Ja, daarvan ben ik op de hoogte.
2
Acht u dit verantwoord, gezien het feit dat er op dit moment nog geen
definitieve beleidsconclusies getrokken kunnen worden ten aanzien van
de mogelijke schadelijkheid van UMTS-straling?
Ja, ik acht dit verantwoord. Zoals ik al heb aangegeven in mijn brief
van 30 september 2003 , in mijn antwoorden op eerdere Kamervragen en
zoals recent is bevestigd in een brief van de Staatssecretaris van
Volkshuisvesting, Ruimtelijke Ordening en Milieubeheer , is er op dit
moment geen aanleiding om aanvullende maatregelen te nemen ten aanzien
van het plaatsen en het in gebruik nemen van UMTS-basisstations.
3
Wat is de status van het door u aangekondigde wetenschappelijke
vervolgonderzoek naar de mogelijke schadelijkheid van UMTS-straling?

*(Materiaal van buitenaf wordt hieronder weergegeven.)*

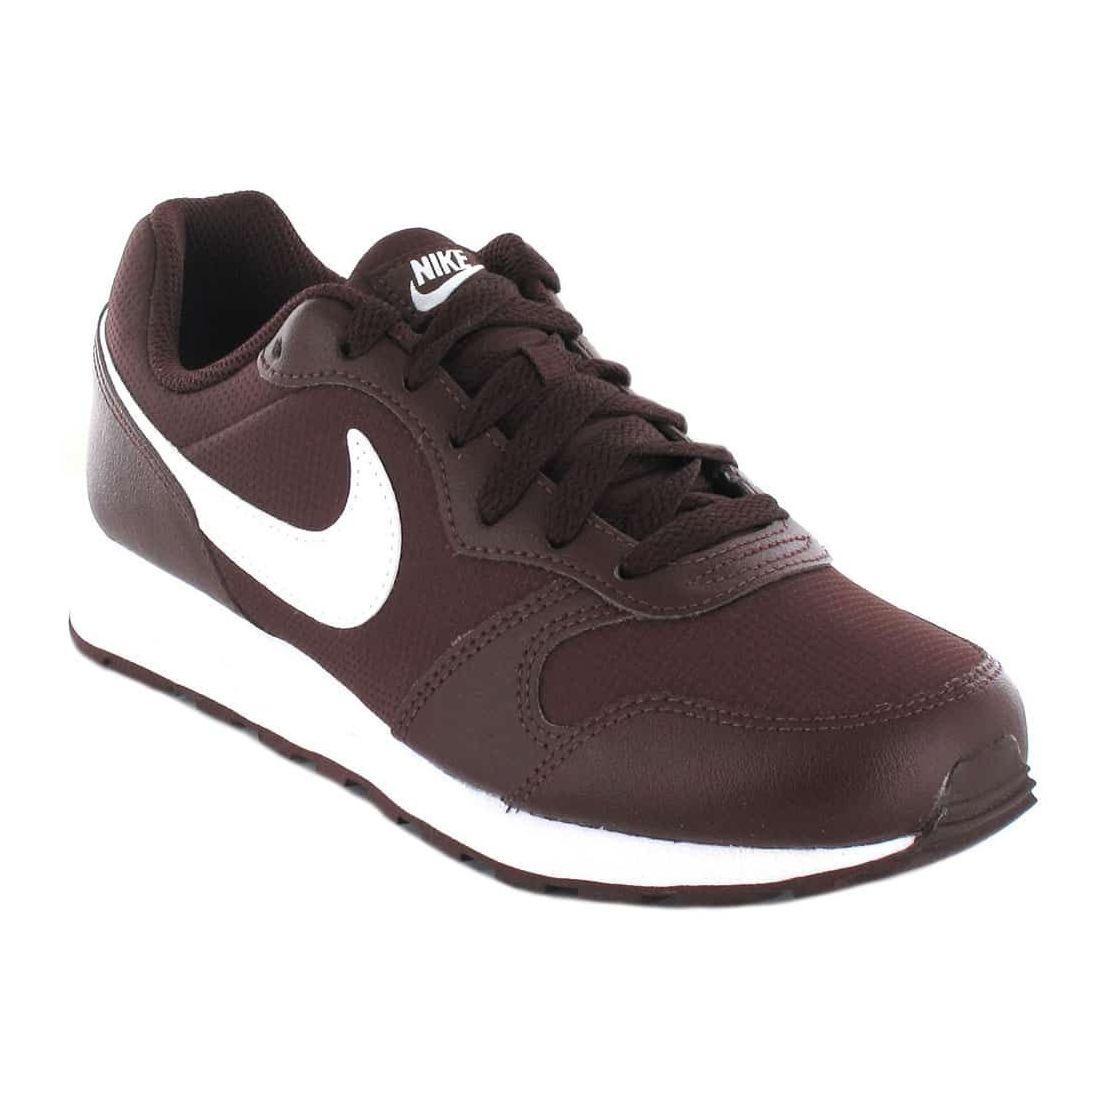 Nike MD Runner 2 PE GS
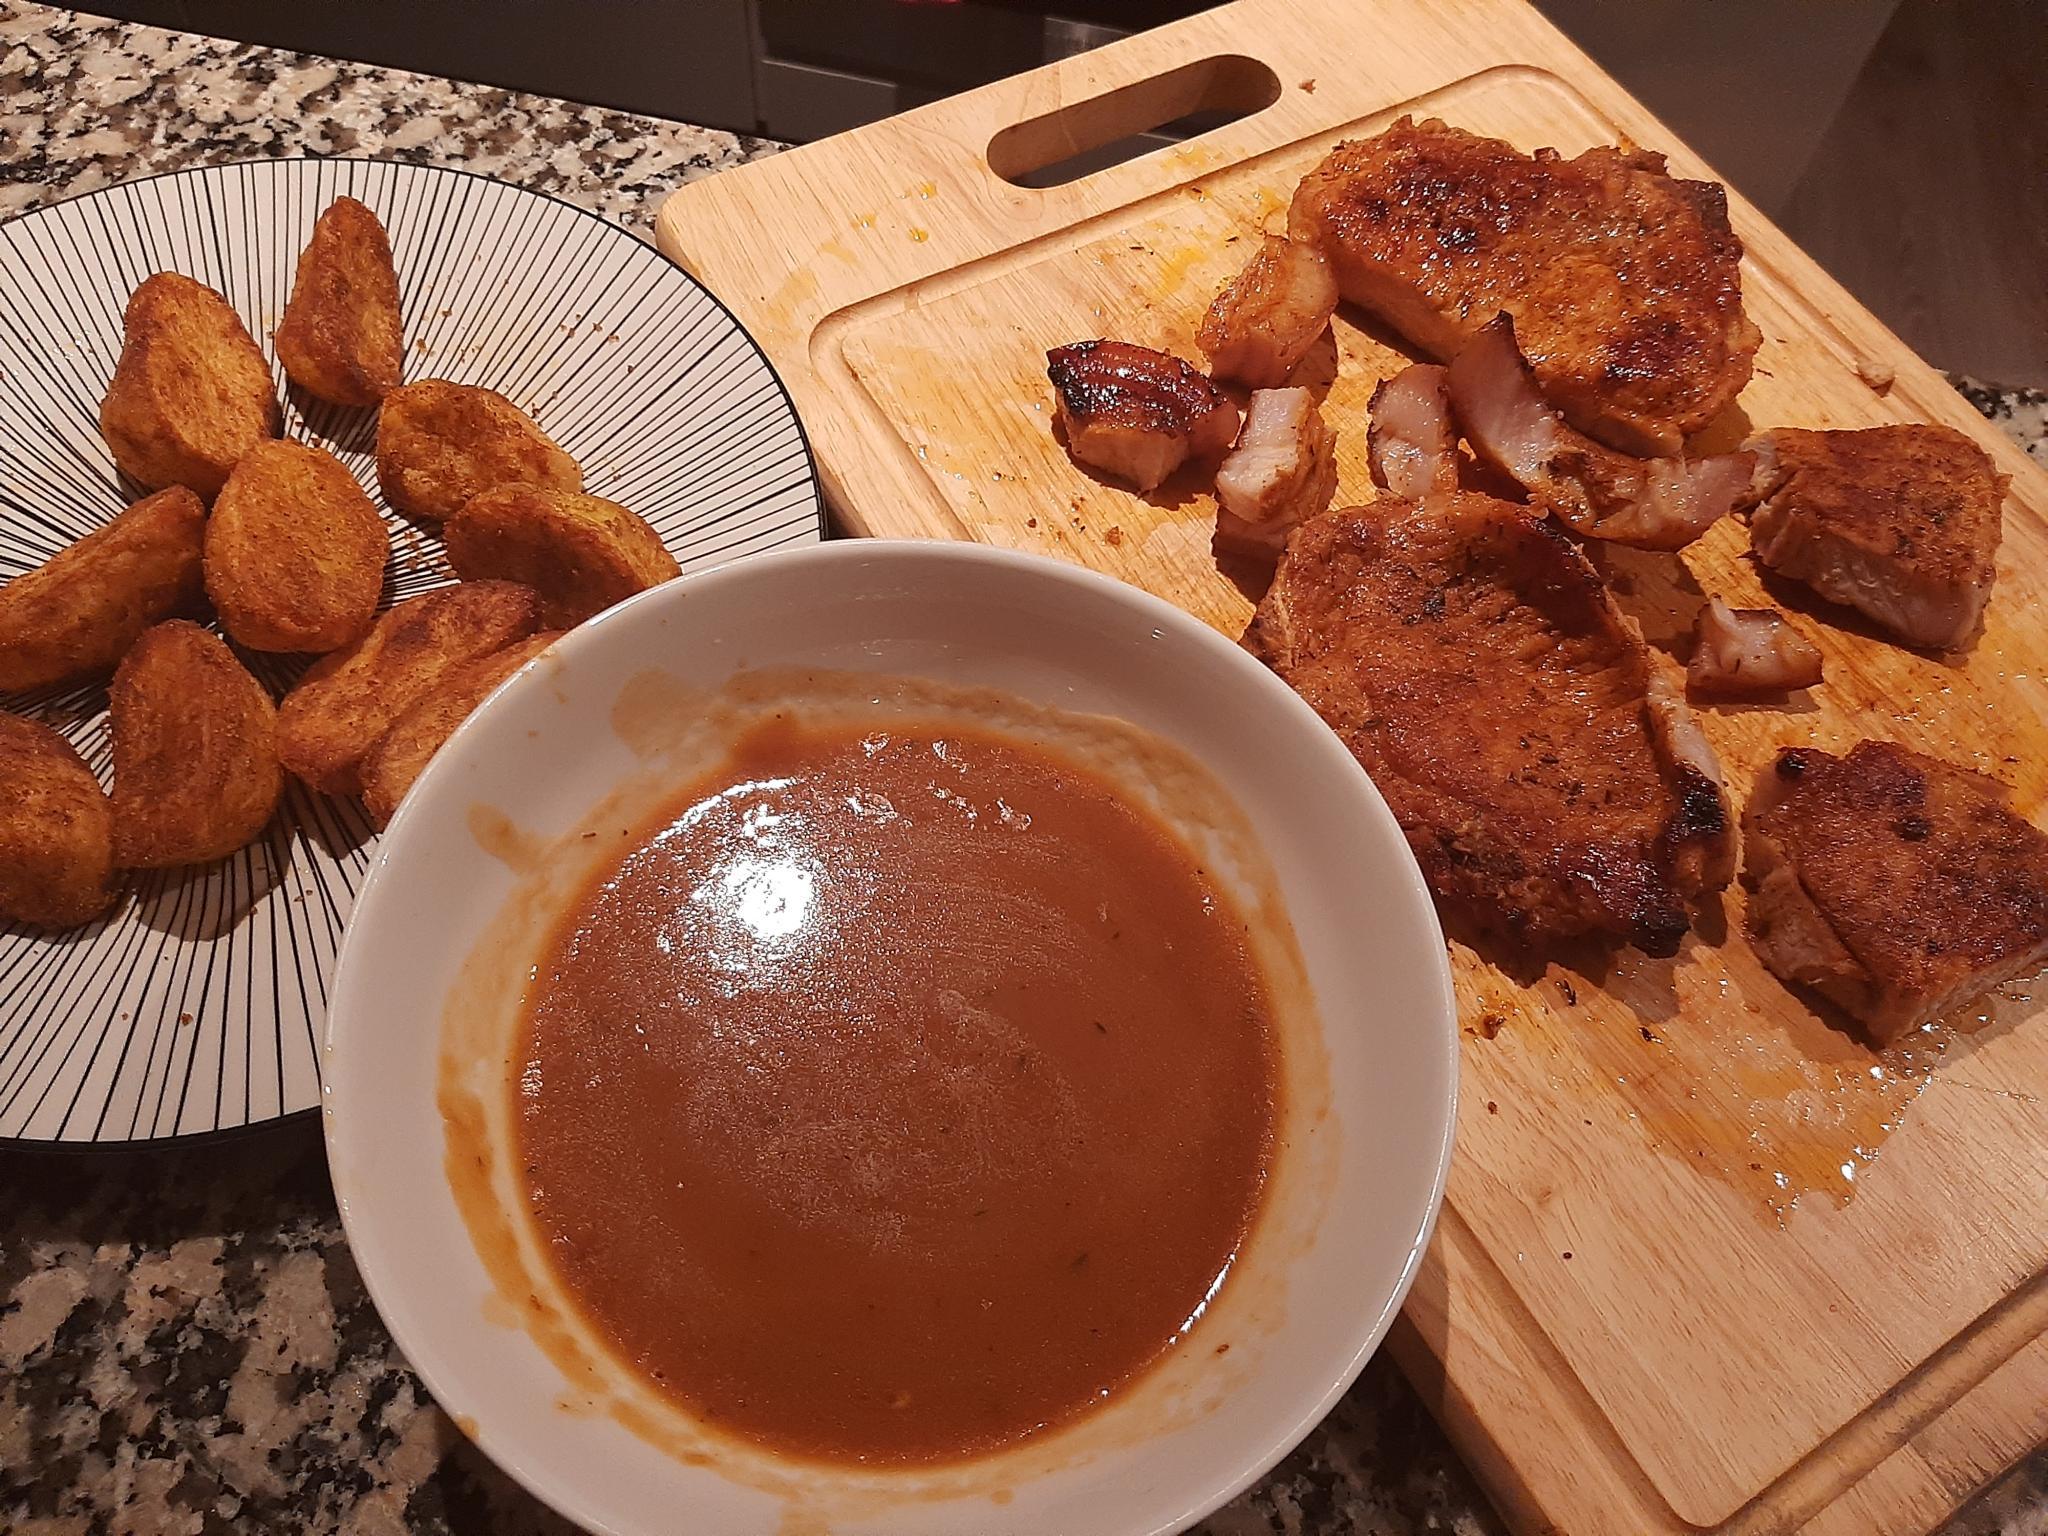 Dinner-20200529_222932-jpg

In mijn brief van 30 september 2003 inzake het COFAM onderzoek van TNO
heb ik al aangegeven dat de resultaten van het COFAM onderzoek van
dien aard zijn dat nader wetenschappelijk onderzoek gerechtvaardigd en
noodzakelijk is. Het COFAM onderzoek heeft in het buitenland de nodige
aandacht gekregen. Uit een eerste inventarisatie blijkt dat een aantal
buitenlandse, wetenschappelijke instituten het voornemen heeft om dit
onderzoek van TNO te reproduceren. Ik ben voornemens om bij deze
initiatieven aansluiting te zoeken en zal daartoe contact met de
betreffende organisaties opnemen.
4
Wanneer verwacht u dat er definitieve beleidsconclusies kunnen worden
getrokken?
Op grond van de ervaringen met het COFAM onderzoek is de verwachting
dat een replicatieonderzoek een doorlooptijd zal hebben van minimaal
één jaar. Dit betekent dat indien één van de instituten, waarbij ik
aansluiting wil zoeken, voor de zomer van 2004 daadwerkelijk met het
onderzoek kan beginnen, de eerste resultaten op zijn vroegst medio
2005 verwacht kunnen worden. Op basis van de definitieve resultaten
kunnen vervolgens beleidsconclusies worden getrokken.
5
Kunt u aangeven welke maatregelen u gaat nemen als uit het
vervolgonderzoek geconcludeerd wordt dat UMTS-straling schadelijk
is?
Op dit moment kan ik niet aangeven welke resultaten uit het
replicatieonderzoek zullen komen. Ik kan dus ook niet vooruitlopen op
de eventueel te nemen maatregelen.
6
Hoe verklaart u de onrust die bij bewoners is ontstaan over de
plaatsing van UMTS-antennes?
'Antennes en gezondheid' is een onderwerp dat regelmatig tot onrust
bij burgers heeft geleid. Mede daarvoor is in het kader van het
Nationaal Antennebeleid in 2000 het Nationaal Antennebureau opgericht.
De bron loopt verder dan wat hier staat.